When you reach the line containing "El candidat i" in the records below, start copying exactly, and stop once you have copied the line containing "l'occitane en provence".

Study material
_ _ _ _

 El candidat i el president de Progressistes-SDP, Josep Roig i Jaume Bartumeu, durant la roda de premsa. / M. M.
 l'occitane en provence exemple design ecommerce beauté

_ _ _ _

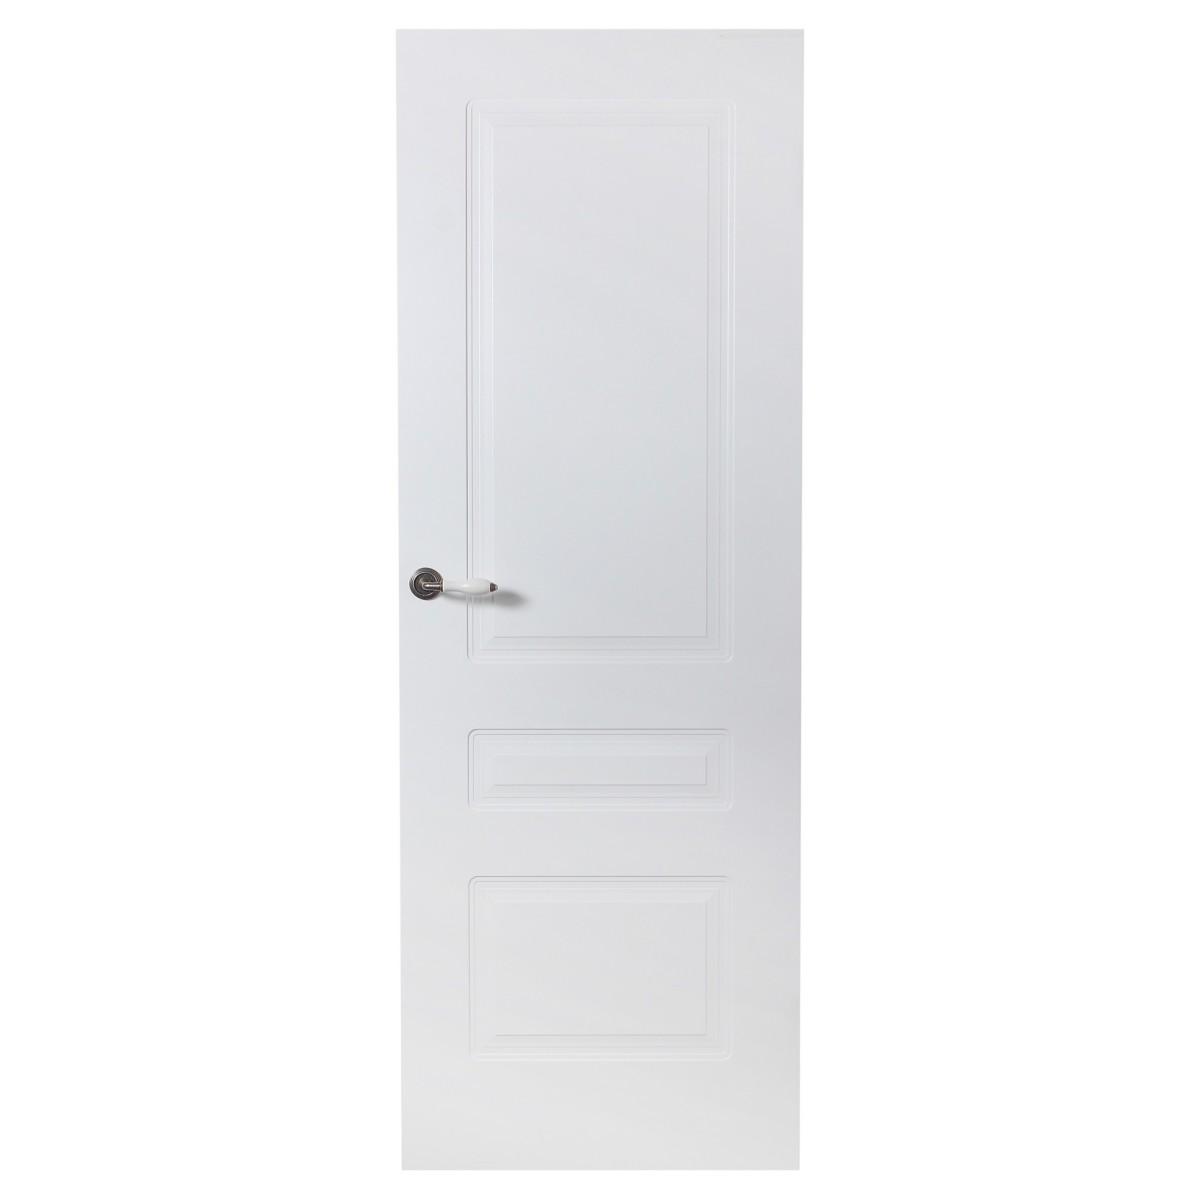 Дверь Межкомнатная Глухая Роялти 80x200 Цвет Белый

_ _ _ _

Problem solution
 El candidat i el president de Progressistes-SDP, Josep Roig i Jaume Bartumeu, durant la roda de premsa. / M. M.
 l'occitane en provence exemple design ecommerce beauté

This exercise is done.